FIRST and FOLLOW sets of the modified grammar

Start with FIRST sets. The computation completes in these 3 phases:

Initially we have
these sets:
FIRST(E) = {}
FIRST(E′) = {ε}
FIRST(T) = {} 
FIRST(T′) = {ε} 
FIRST(F) = {}
Use the right sides
of E', T', F to get:
FIRST(E) = {} 
FIRST(E′) = {+,ε} 
FIRST(T) = {} 
FIRST(T′) = {*,ε} 
FIRST(F) = {(,a}
Use the right sides
of T, then E to get:
FIRST(E) = {(,a} 
FIRST(E′) = {+,ε} 
FIRST(T) = {(,a} 
FIRST(T′) = {*,ε} 
FIRST(F) = {(,a}

Next compute FOLLOW sets.
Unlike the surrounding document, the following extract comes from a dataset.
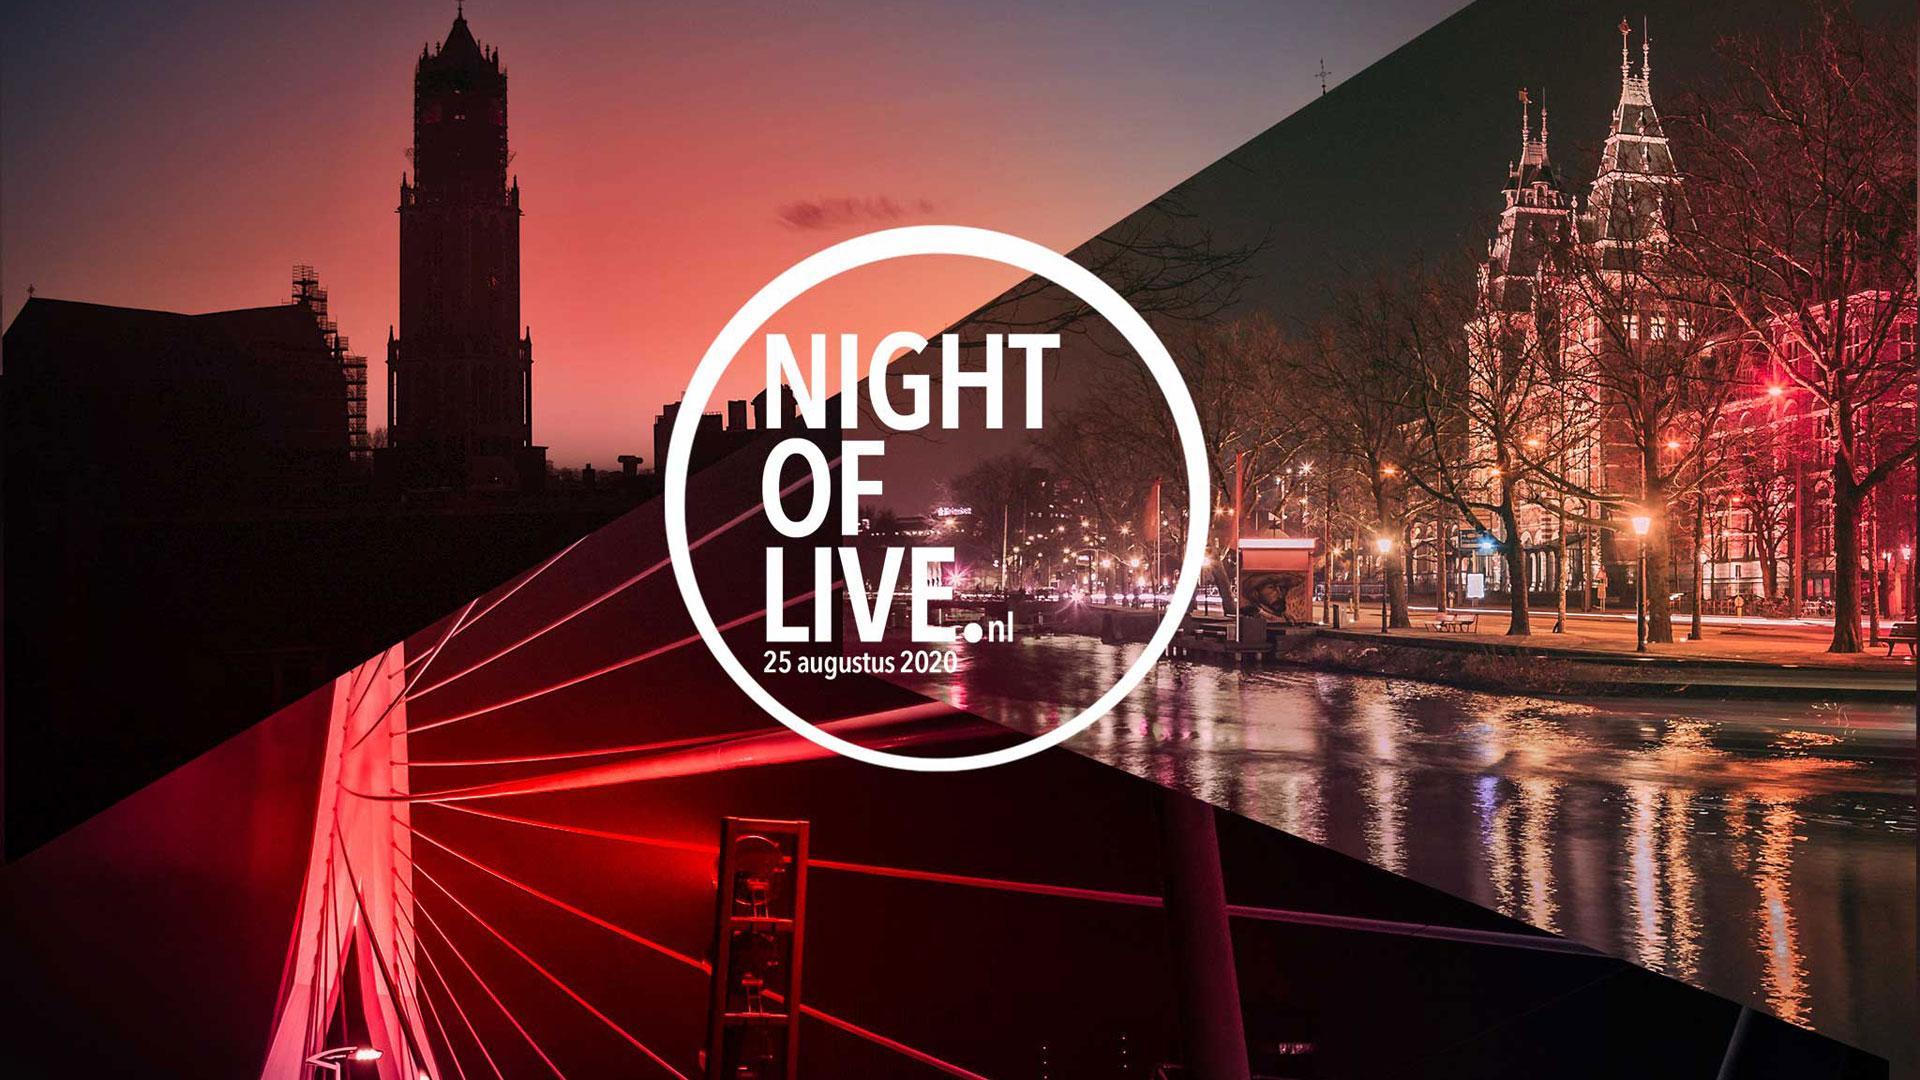 Evenementenindustrie kleurt rood tijdens NIGHT OF LIVE op 25 augustus
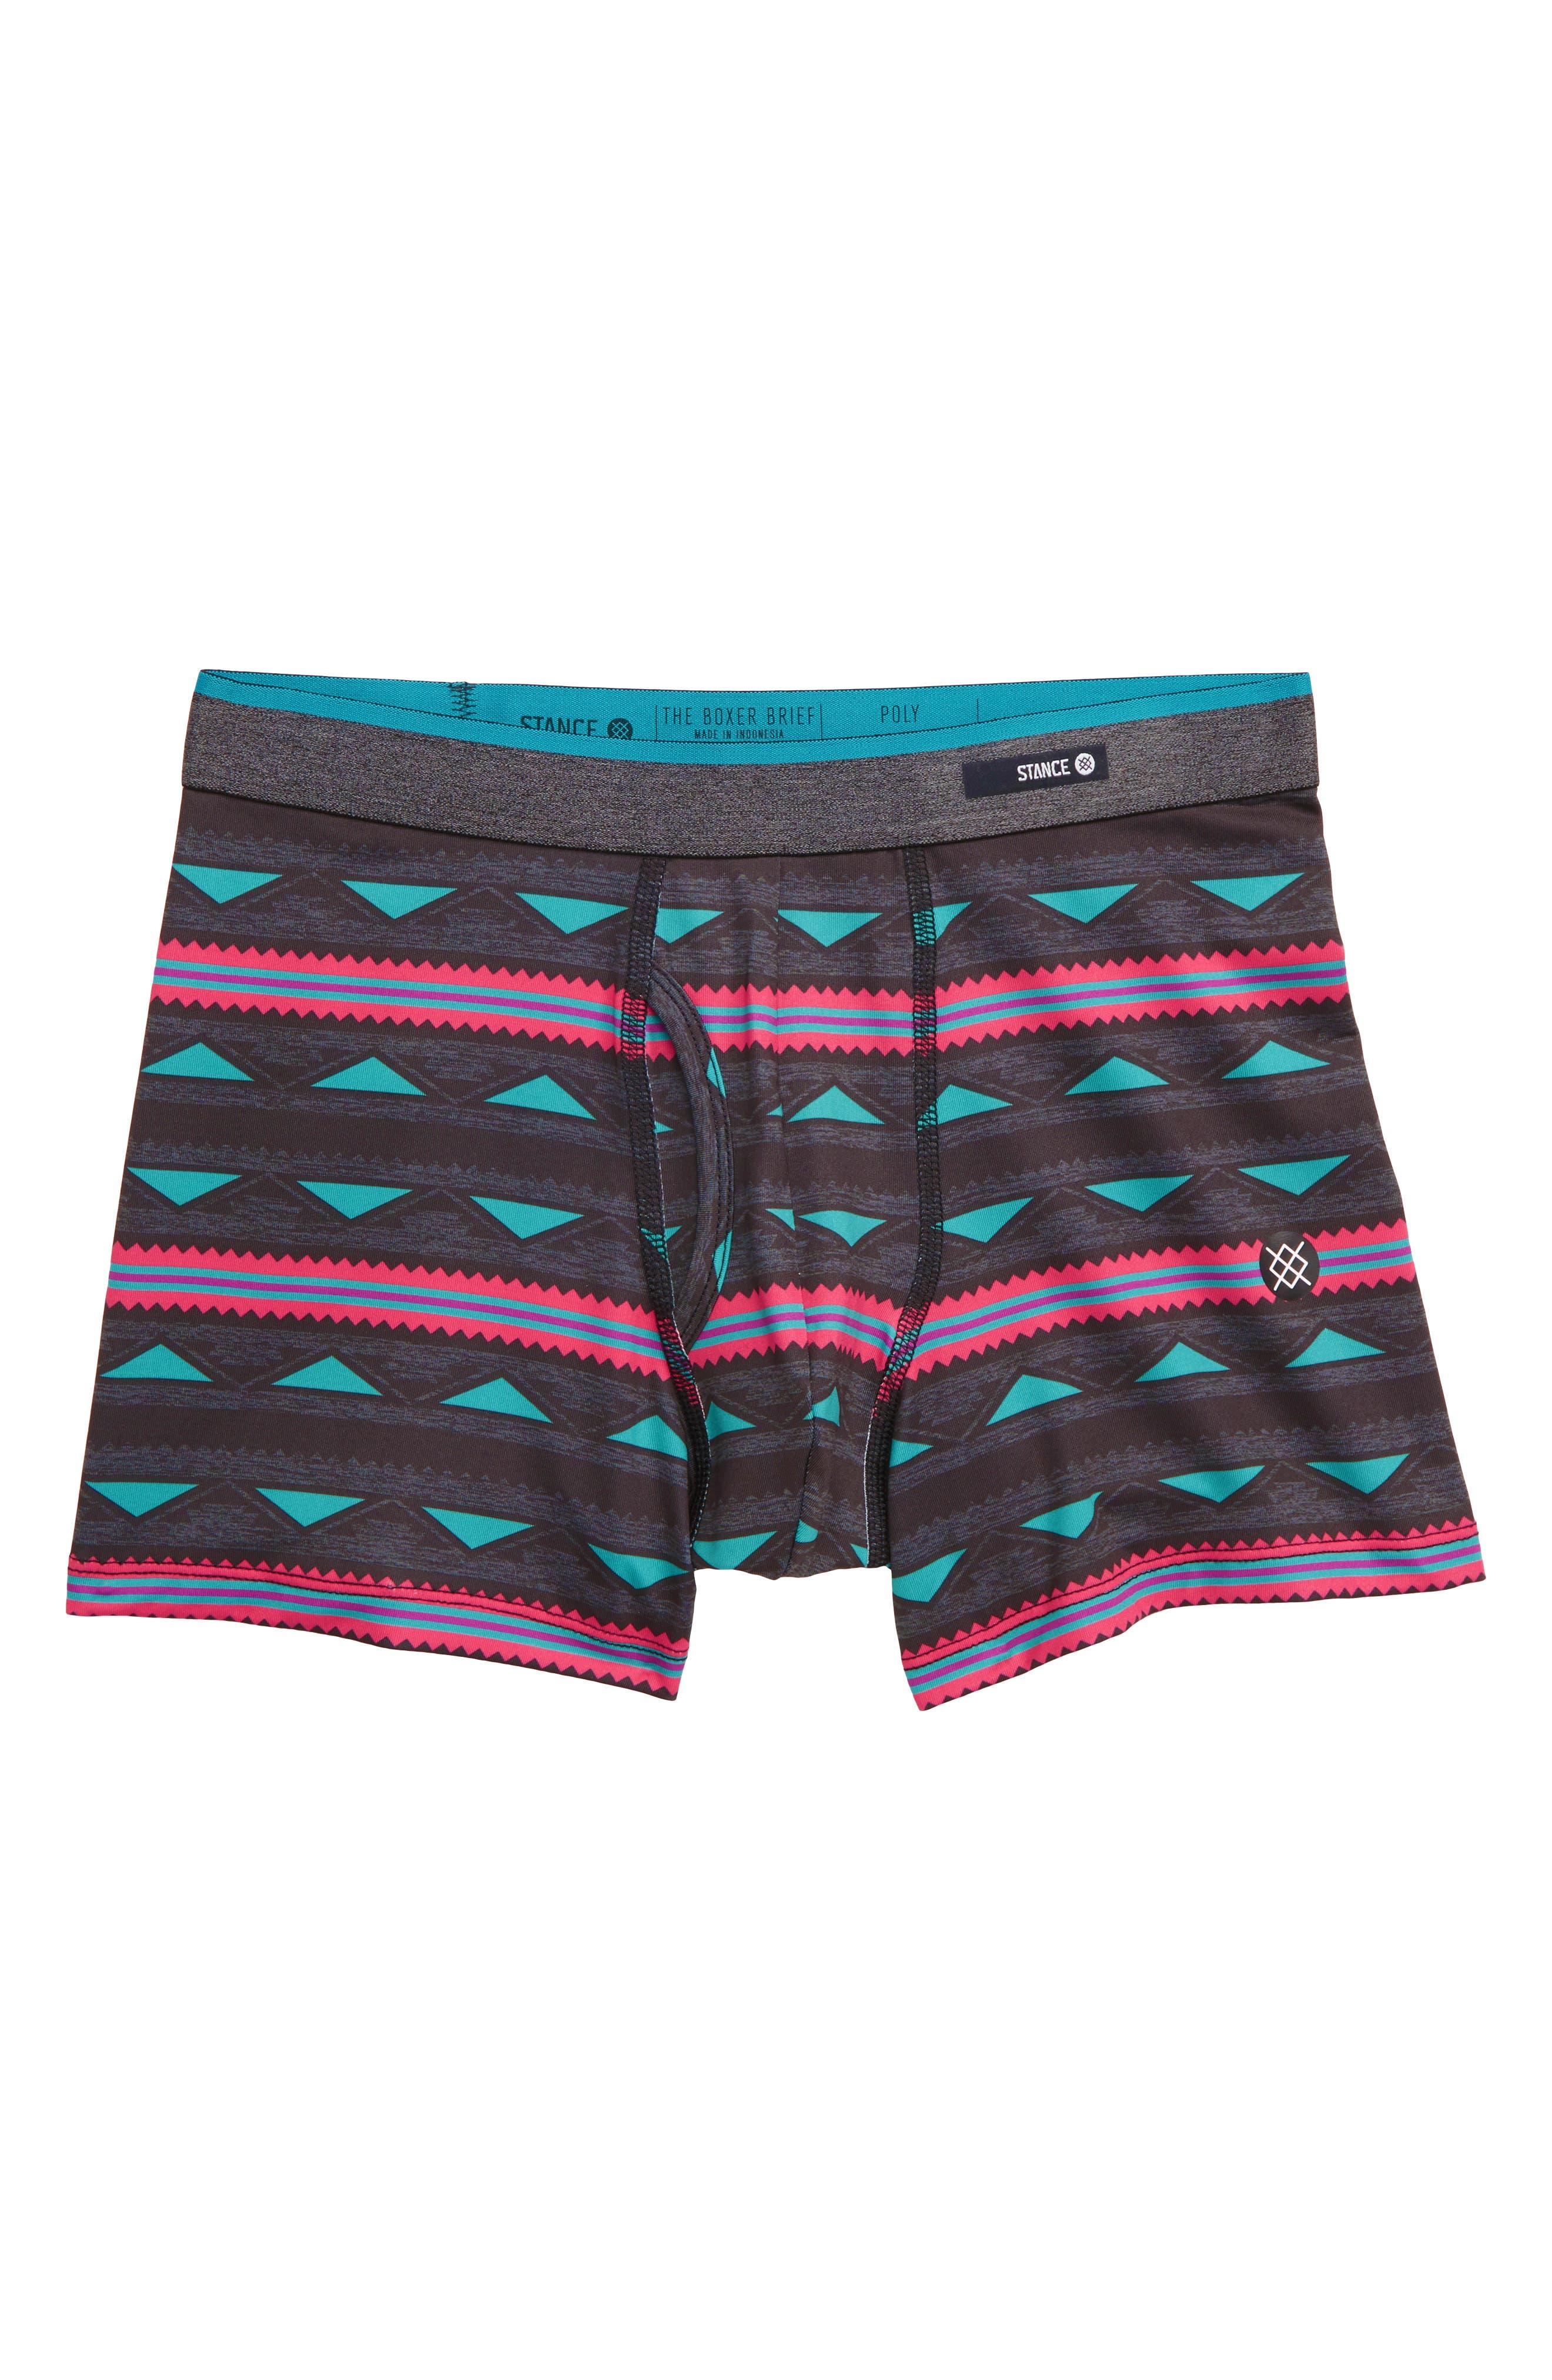 Stance Boys Samara Boxer Brief Underwear

Start here:
FOLLOW(E) = {$}
FOLLOW(E′) = {} 
FOLLOW(T) = {} 
FOLLOW(T′) = {} 
FOLLOW(F) = {}
Then consider effects of these rules:
   E → TE′: FOLLOW(E) ⊆ FOLLOW(E′)
   E' → +TE′: FIRST(E′) - {ε} = {+} ⊆ FOLLOW(T)
   T → FT′: FOLLOW(T) ⊆ FOLLOW(T′)
FOLLOW(E) = {$}
FOLLOW(E′) = {$} 
FOLLOW(T) = {+} 
FOLLOW(T′) = {+} 
FOLLOW(F) = {}
Continuing,
   F → (E): FIRST(')') ⊆ FOLLOW(E)
   T′ → *FT′: FIRST(T′) - {ε} = {*} ⊆ FOLLOW(F)
FOLLOW(E) = {$,)}
FOLLOW(E′) = {$} 
FOLLOW(T) = {+} 
FOLLOW(T′) = {+} 
FOLLOW(F) = {*}
Continuing,
   E → TE′: FOLLOW(E) ⊆ FOLLOW(E′).
   E′ → +TE′: FOLLOW(E′) ⊆ FOLLOW(T) since ε ∈ FIRST(E′)
FOLLOW(E) = {$,)}
FOLLOW(E') = {$,)} 
FOLLOW(T) = {+,$,)} 
FOLLOW(T') = {+} 
FOLLOW(F) = {*}
Continuing,
   T → FT': FOLLOW(T) ⊆ FOLLOW(T′):
   T' → *FT': FOLLOW(T') ⊆ FOLLOW(F), since ε ∈ FIRST(T')
FOLLOW(E) = {$,)}
FOLLOW(E') = {$,)} 
FOLLOW(T) = {+,$,)} 
FOLLOW(T') = {+,$,)} 
FOLLOW(F) = {*,+,$,)}

The modified expression grammar is LL(1)

There are 3 rules with choices:
E′ → + T E′ | ε
T′ → * F T′ | ε
F  → a | ( E )
There are these things to verify:
FIRST(+ T E′) ∩ FIRST(ε) = ∅
FIRST(* F T′) ∩ FIRST(ε) = ∅

FIRST( a ) ∩ FIRST( "( E )" ) = 
{a} ∩ { ( } = ∅

ε ∈ FIRST(E′) and 
FIRST(+ T E′) ∩ FOLLOW(E′) = 
{+} ∩ { $, ) } = ∅ 

ε ∈ FIRST(T′) and
FIRST(* F T′) ∩ FOLLOW(T′) = 
{*} ∩ { +, $, ) } = ∅ 

Sample usage

Here is the derivation of the string
a + a * a $
stepstackinputrule
0Ea + a * a $
1T E′a + a * a $E → T E′
2F T′ E′a + a * a $T → F T′
3a T′ E′a + a * a $F → a
4T′ E′+ a * a $
5E′+ a * a $T′ → ε
6+ T E′+ a * a $E′ → + T E′
7T E′a * a $
8F T′ E′a * a $T → F T′
9a T′ E′a * a $F → a
10T′ E′* a $
11* F T′ E′* a $T′ → * F T′
12F T′ E′a $
13a T′ E′a $F → a
14T′ E′$
15E′$T′ → ε
16$E′ → ε
The marked steps signify replacements made where there is more than one rule choice. Here is the logic for which rule to use: Here is a portion of the DPDA for the lookahead parsing. As you see, we have to get the E′ and T′ rules out of the loop at q and make a decision to use these based on the lookahead.
One issue with LL(1) parsing is that, even though our rewritten grammar can parse the string, what about creating a abstract syntax tree for the original grammar?

LR parsing

If you think about it, going from bottom up actually makes the ambiguity determination much simpler. Parse trees are created from bottom up, and we should be able to tell at each point whether there are two possible parse trees for a given portion of the token string.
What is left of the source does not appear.